### EXERCISE INPUT:
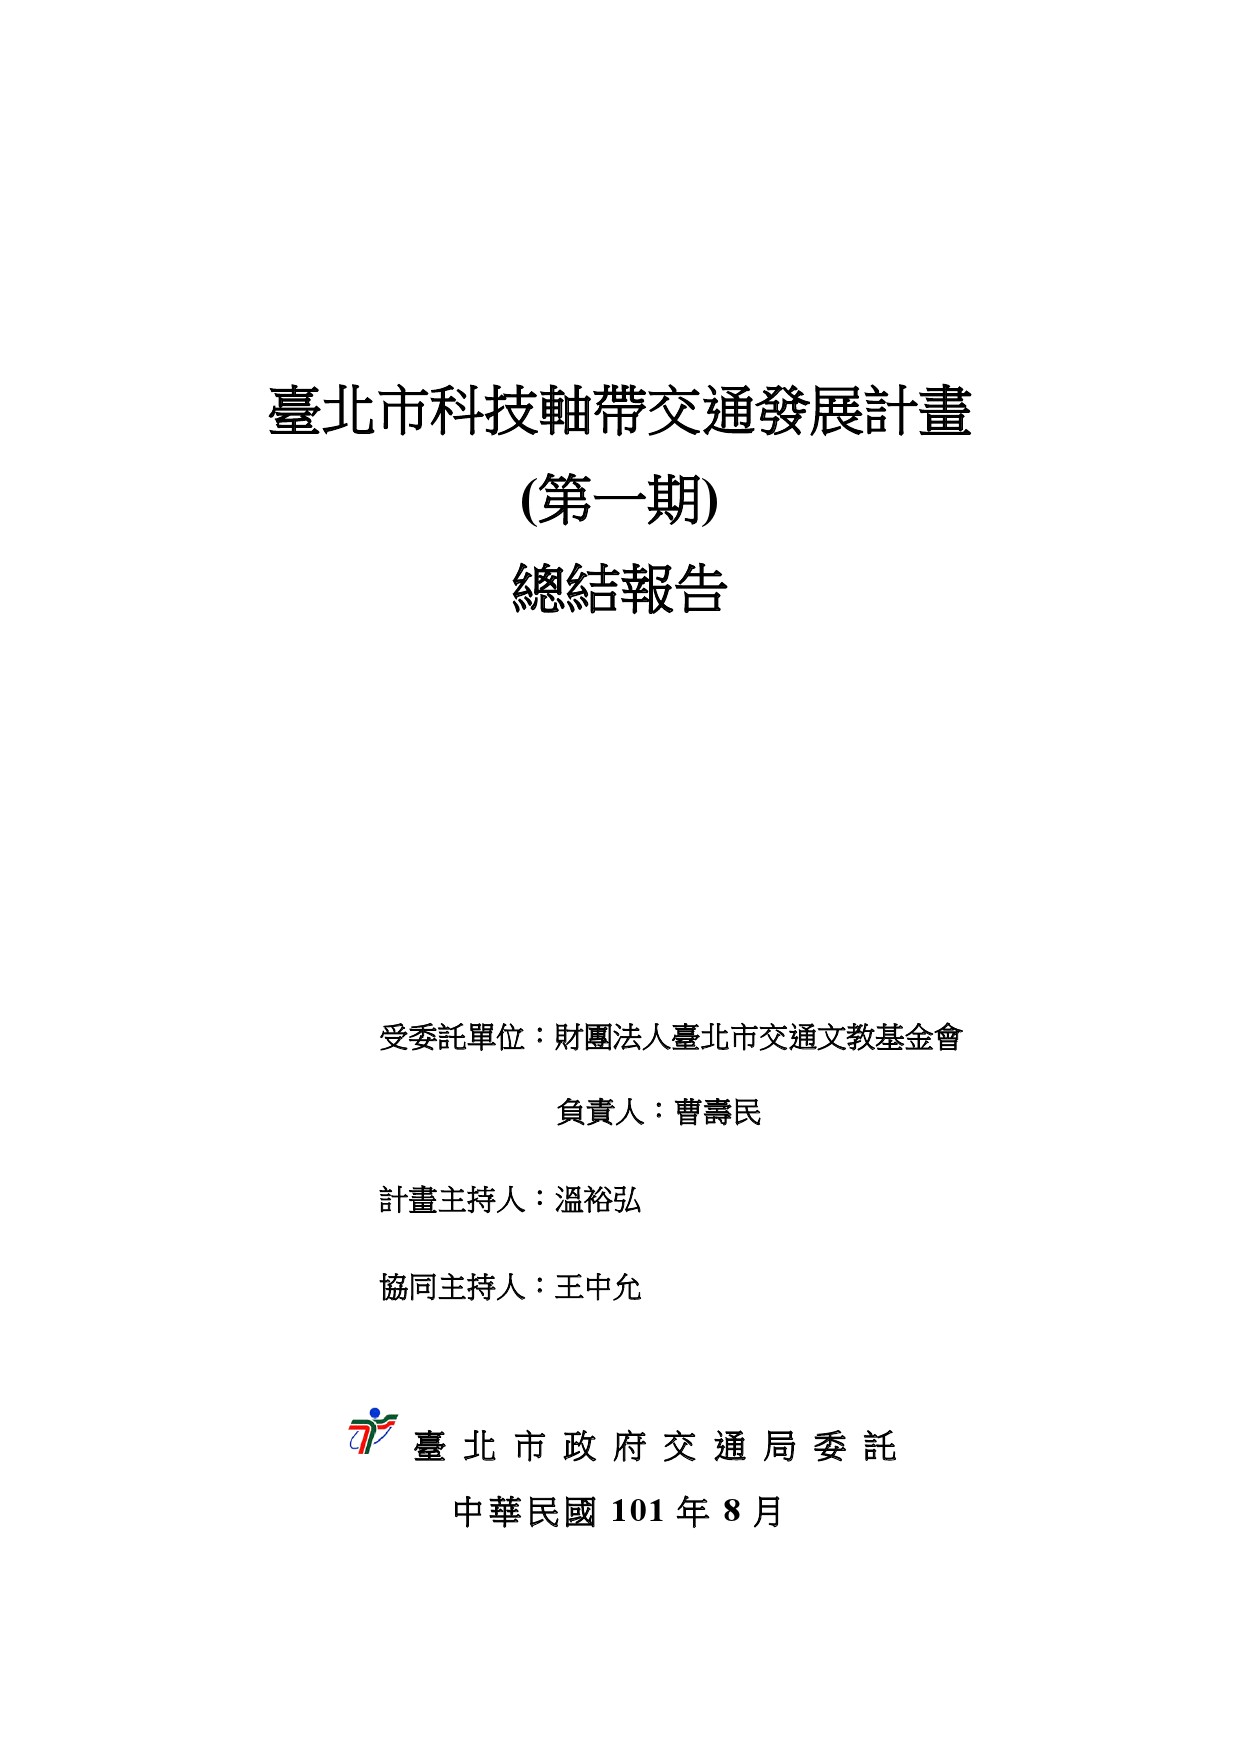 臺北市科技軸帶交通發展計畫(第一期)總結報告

==

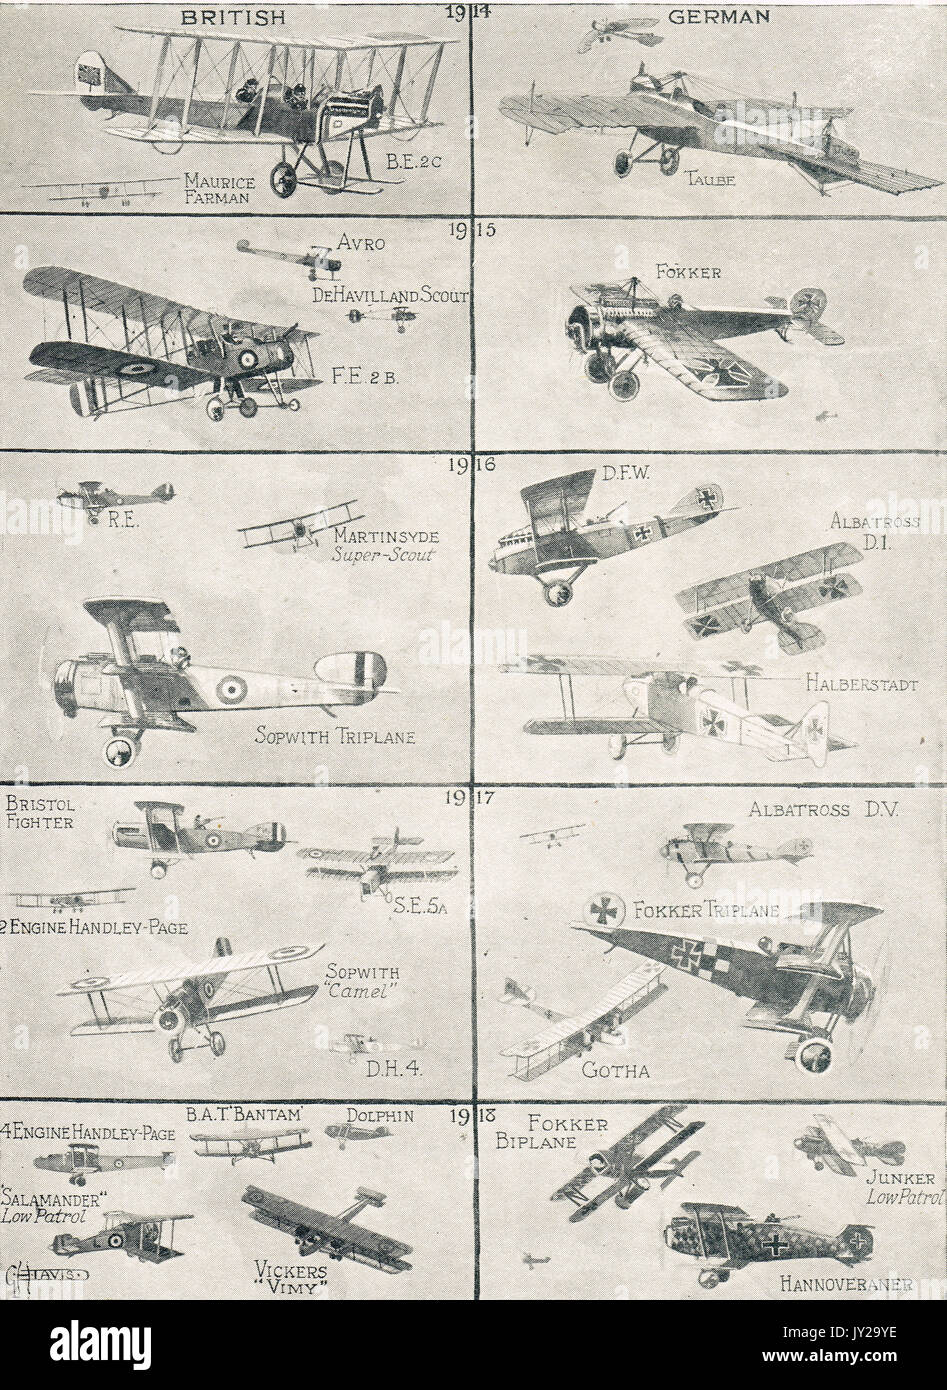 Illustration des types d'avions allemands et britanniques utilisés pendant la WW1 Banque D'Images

==

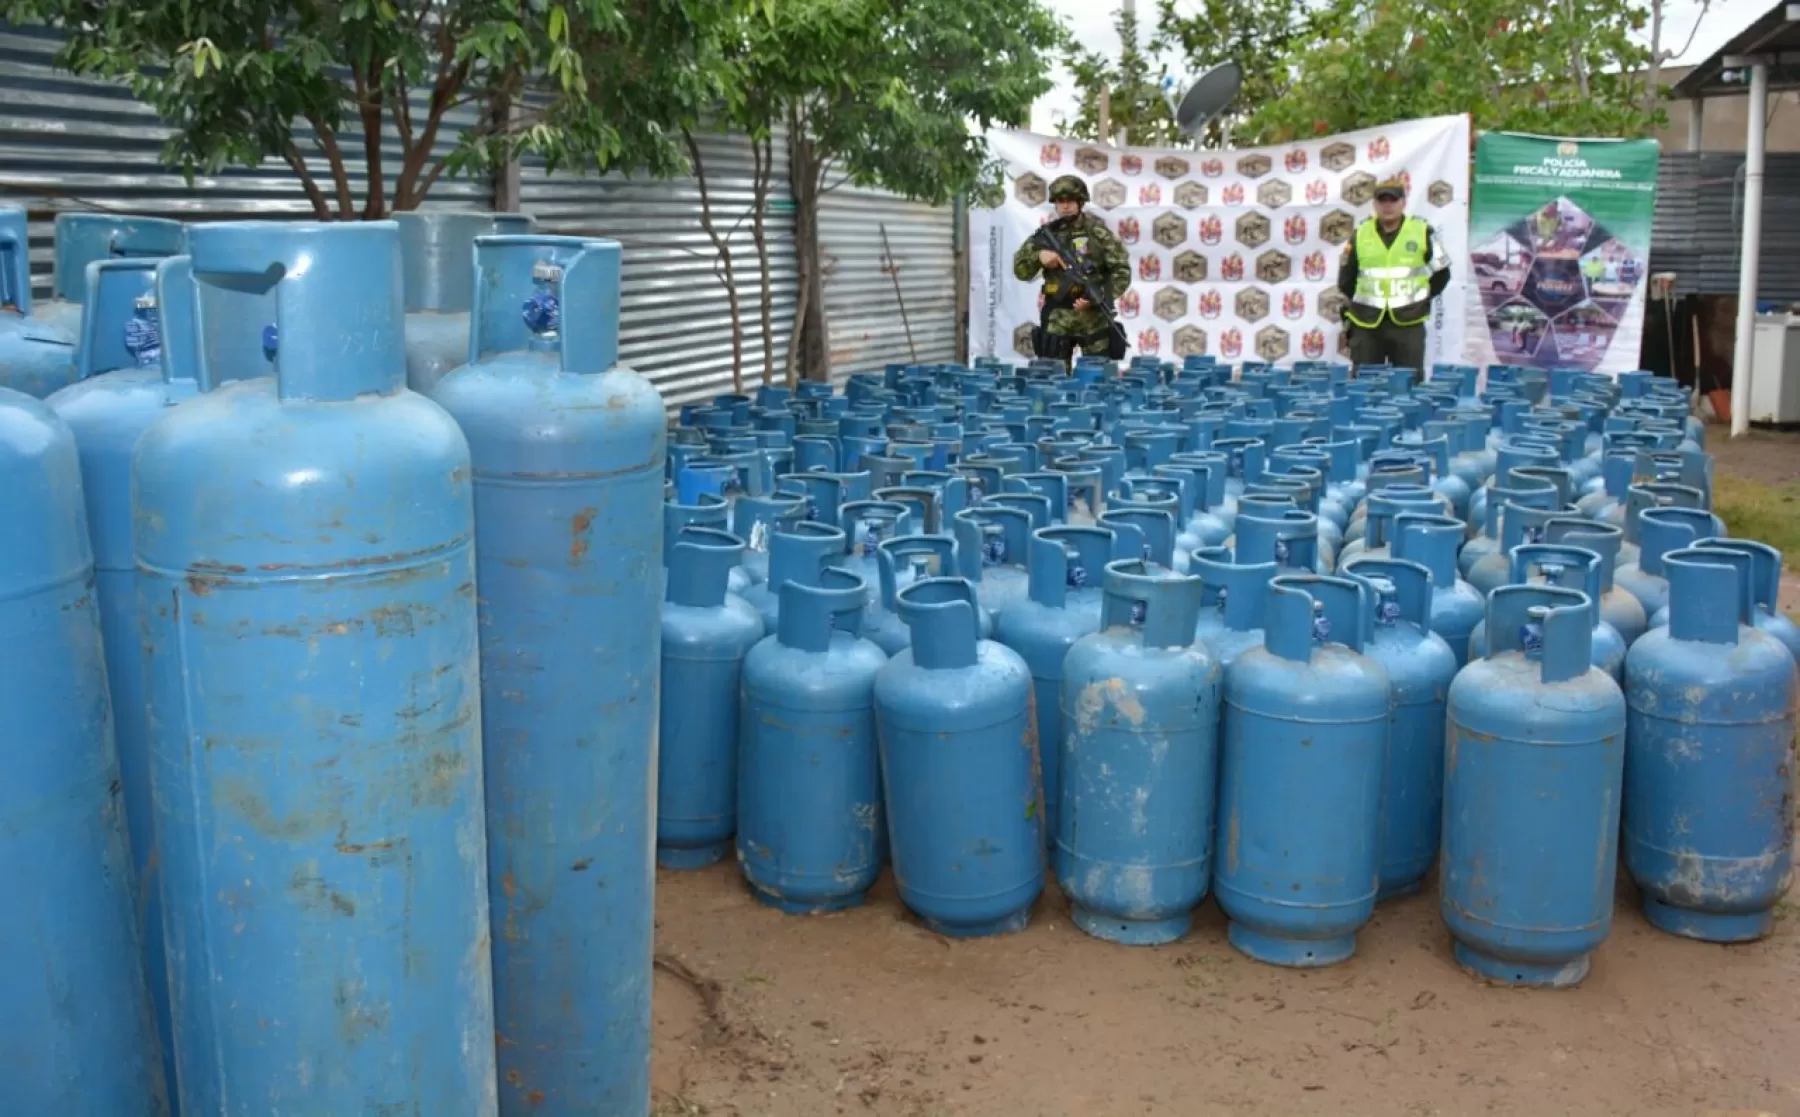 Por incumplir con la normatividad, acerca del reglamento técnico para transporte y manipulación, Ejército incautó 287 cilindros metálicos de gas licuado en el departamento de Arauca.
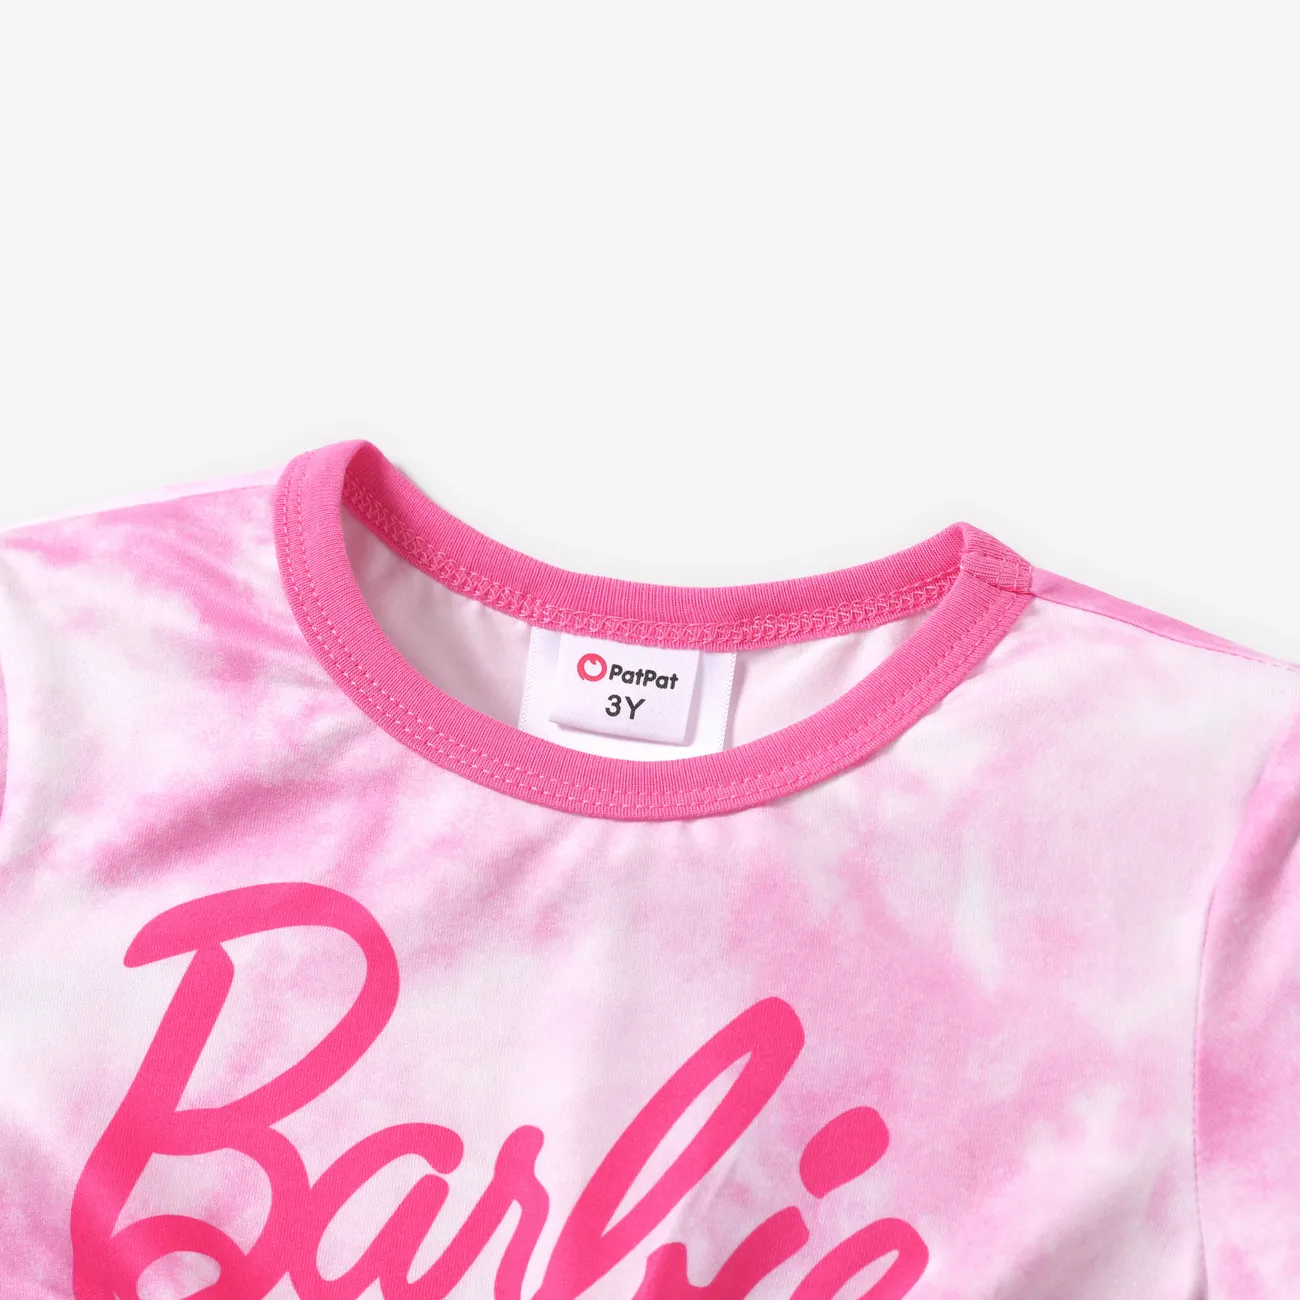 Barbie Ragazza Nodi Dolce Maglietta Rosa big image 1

### ACTIVITY:
Reproduce the listing above exactly from the line containing "Por incumplir con" up to and including the line containing "Barbie Ragazza Nodi", omitting any images and everything outside those lines.

### ANSWER TO THE EXERCISE:
 Por incumplir con la normatividad, acerca del reglamento técnico para transporte y manipulación, Ejército incautó 287 cilindros metálicos de gas licuado en el departamento de Arauca.
 Barbie Ragazza Nodi Dolce Maglietta Rosa big image 1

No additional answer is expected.